Once the pictures are removed, restate the listing word for word.

(SUPPLIED DATA begins)

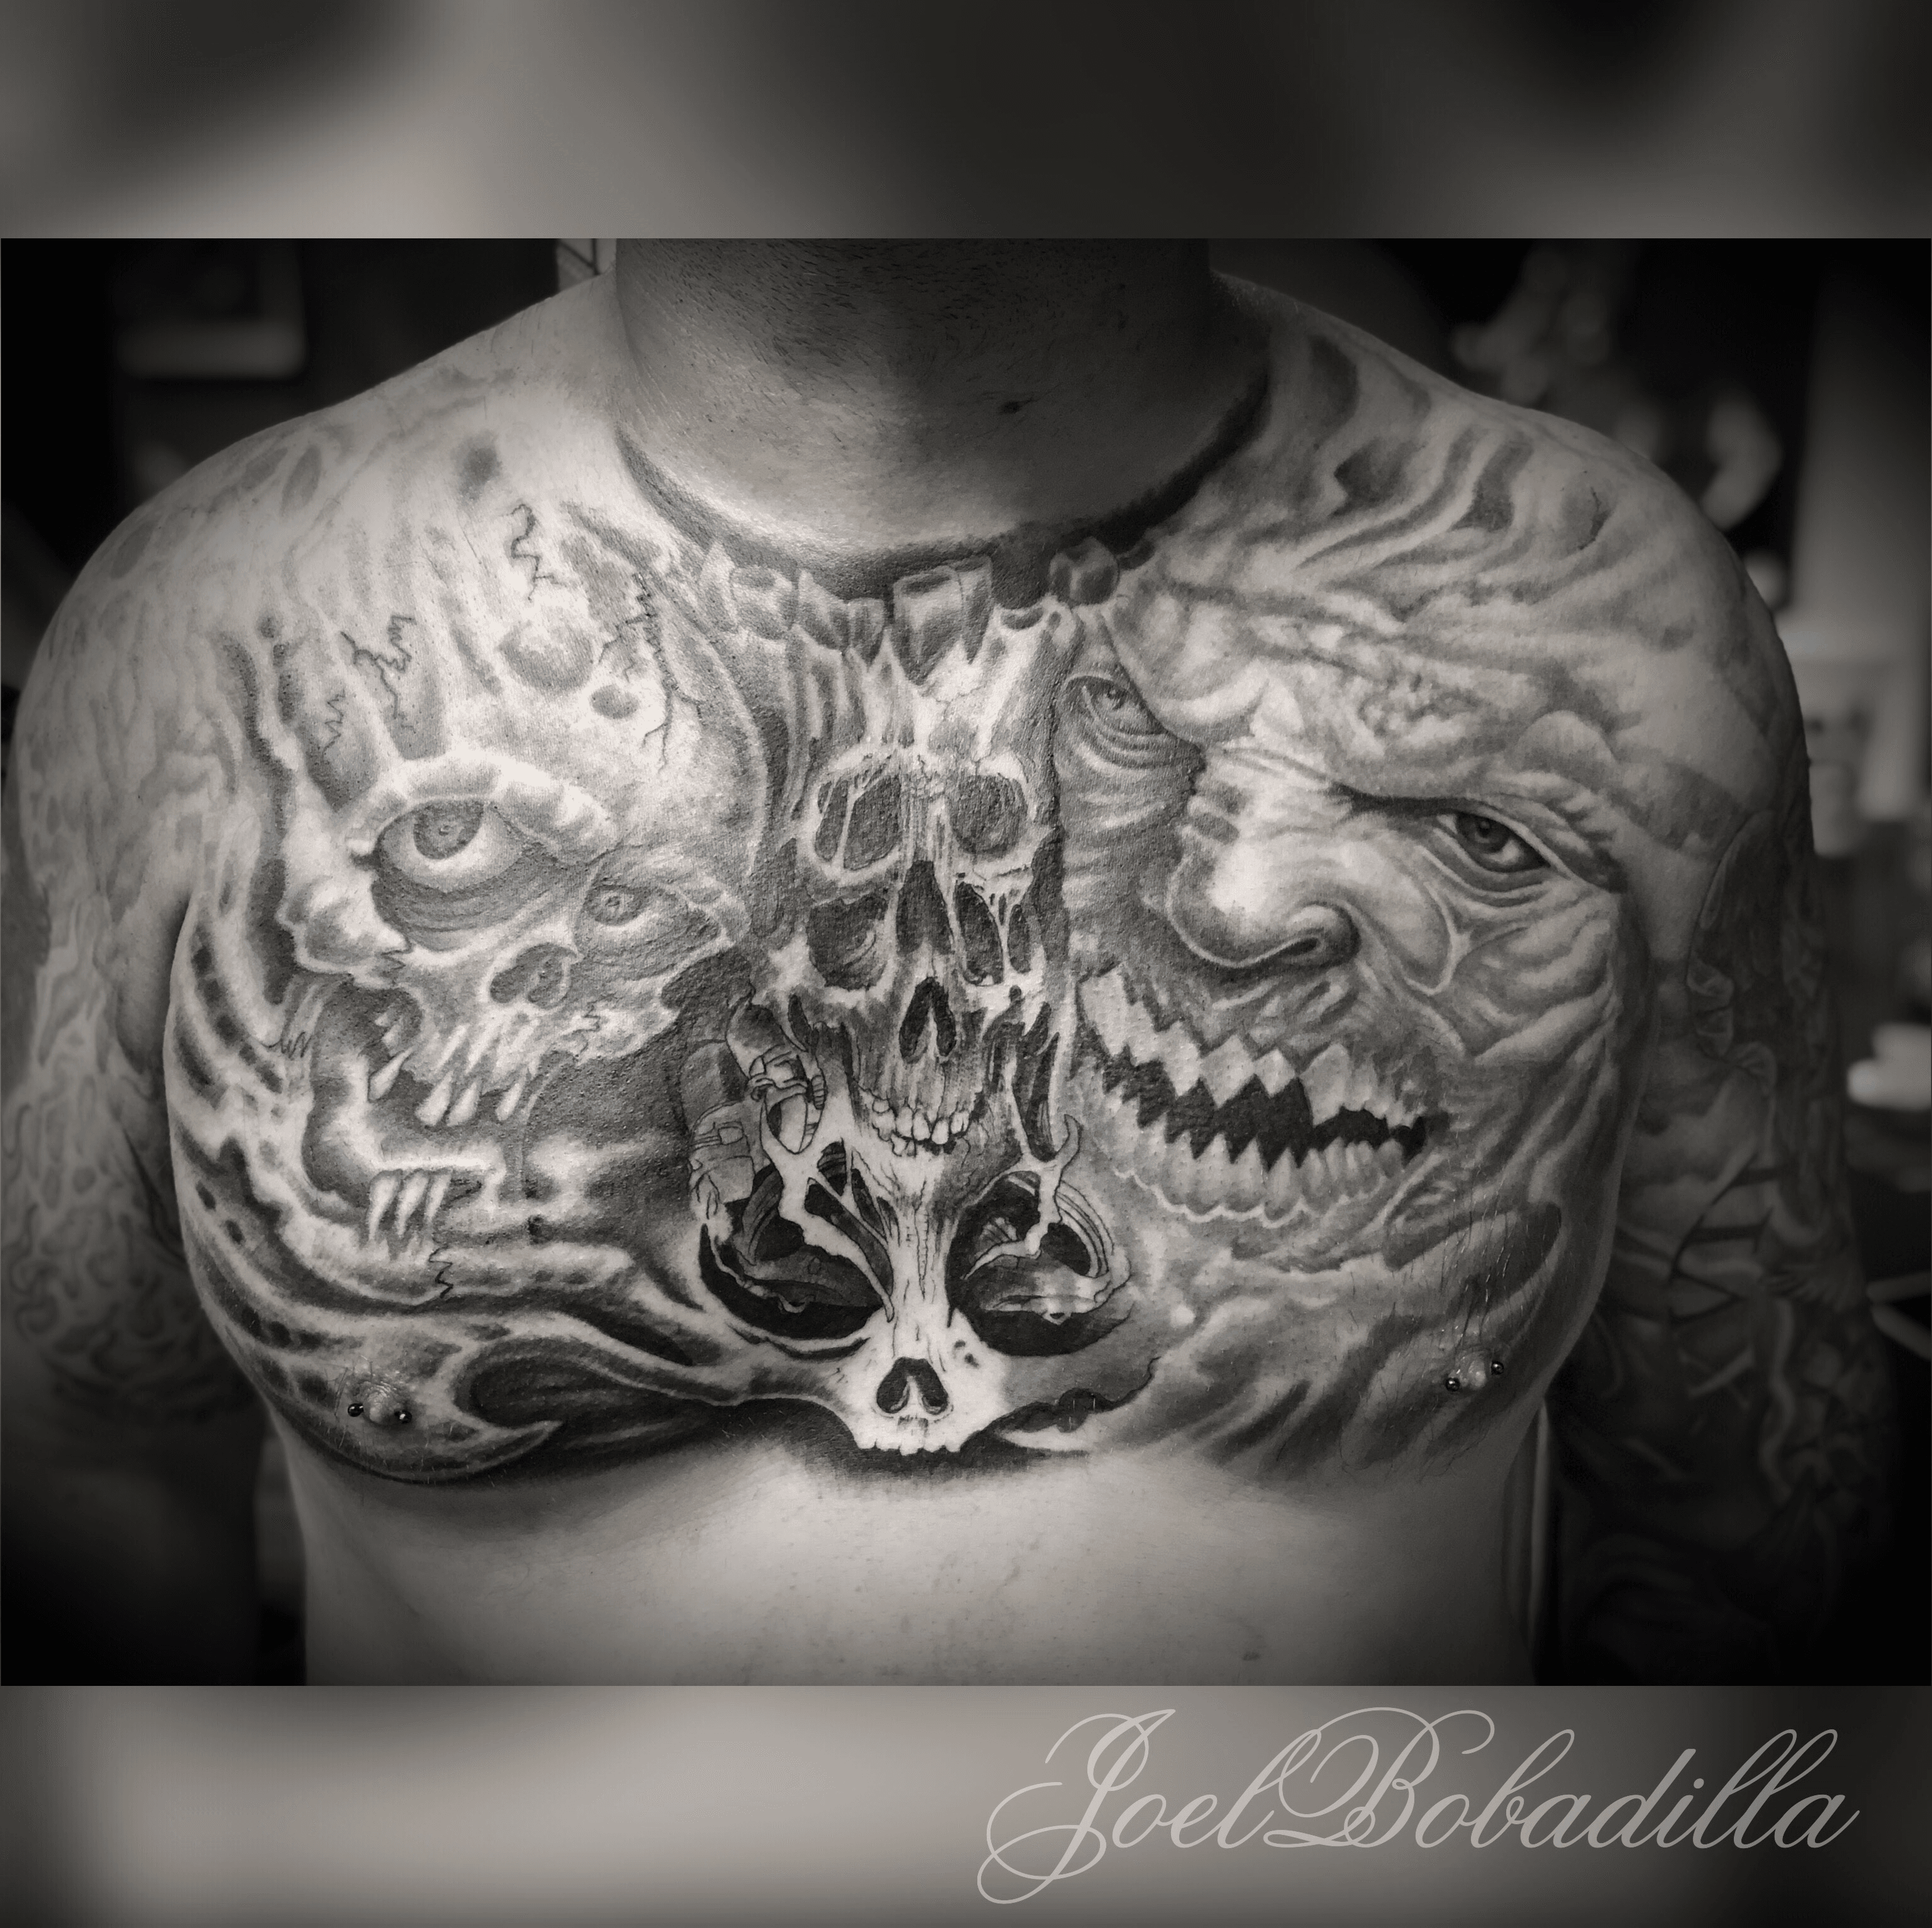 Tattoo uploaded by Joel Bobadilla • Cover Up under boob progress
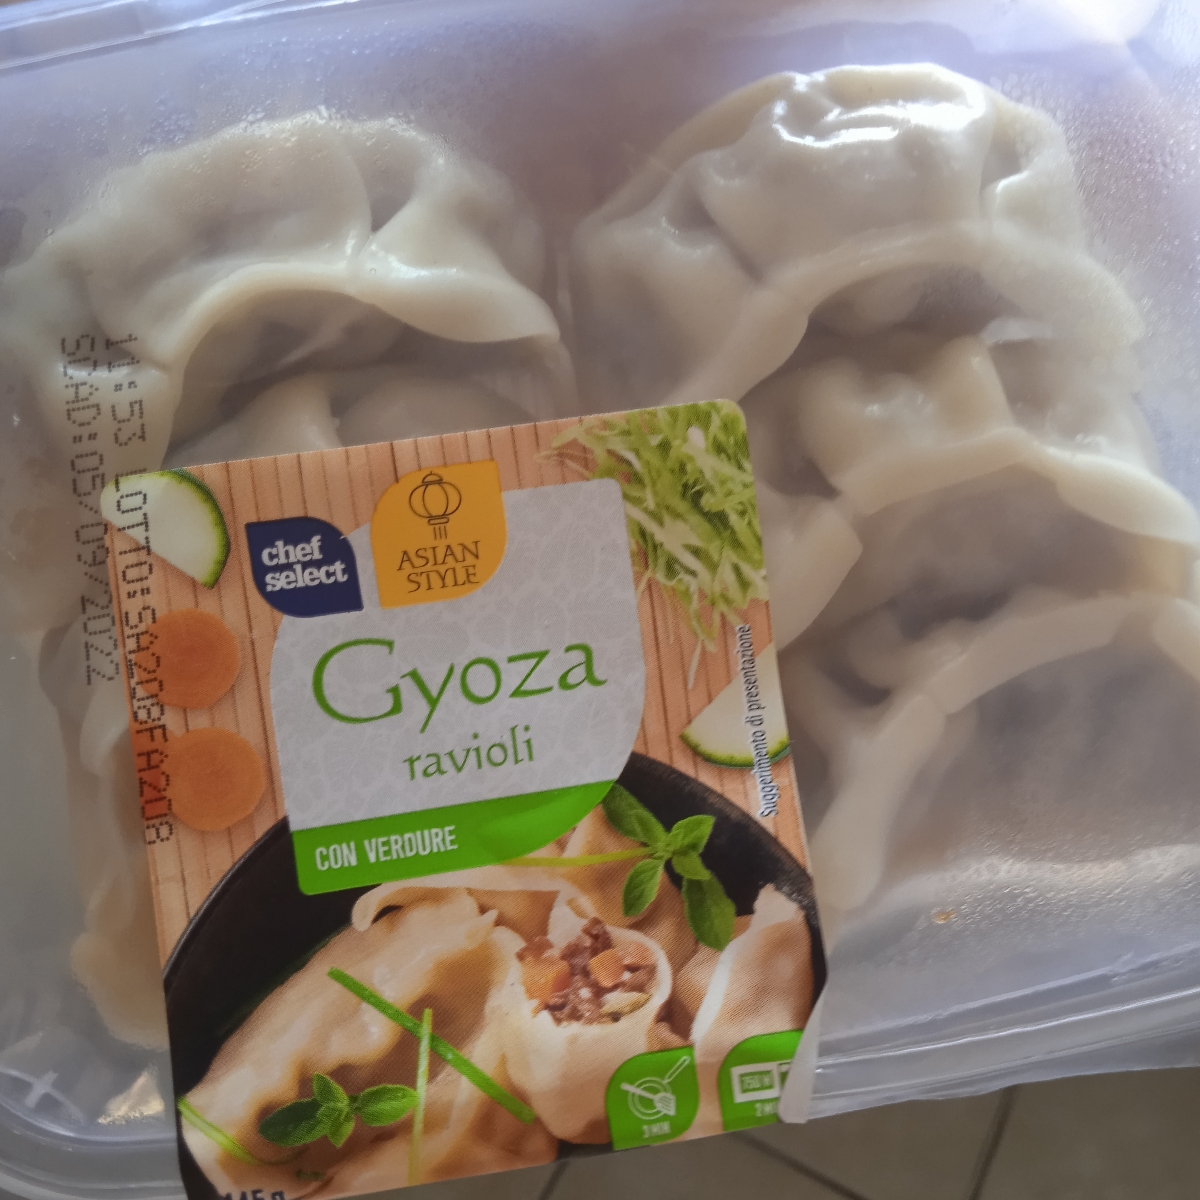 Chef Gyoza verdure Select abillion Review con ravioli Asian Style |
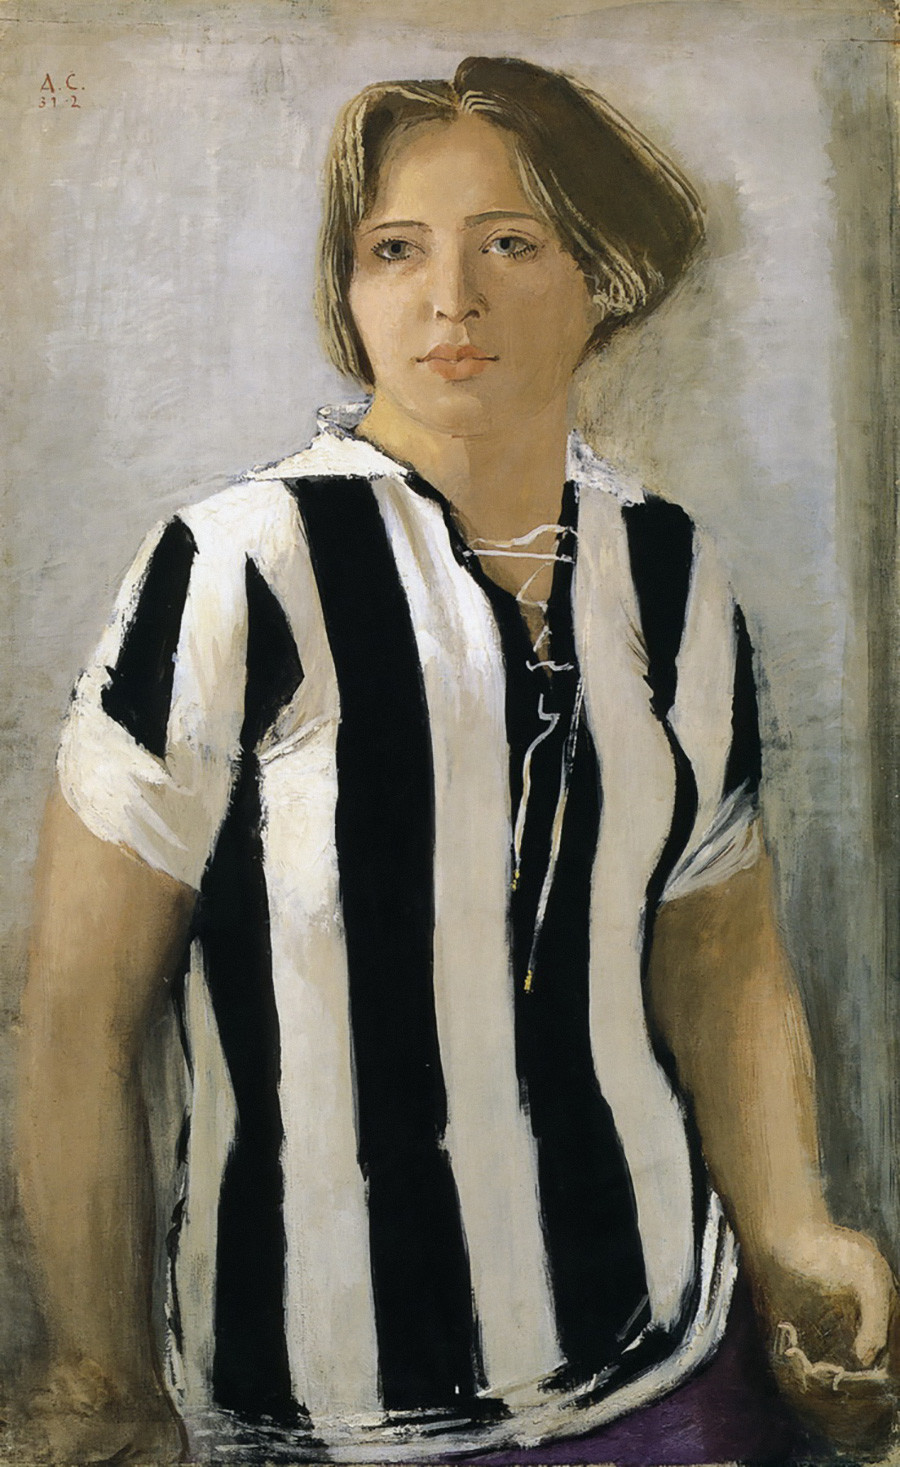 Aleksandr Samokhválov. “Garota com camisa esportiva”, 1932.

(SUPPLIED DATA ends)

**EXERCISE RESULT**.
 Tattoo uploaded by Joel Bobadilla • Cover Up under boob progress
 Chef Gyoza verdure Select abillion Review con ravioli Asian Style |
 Aleksandr Samokhválov. “Garota com camisa esportiva”, 1932.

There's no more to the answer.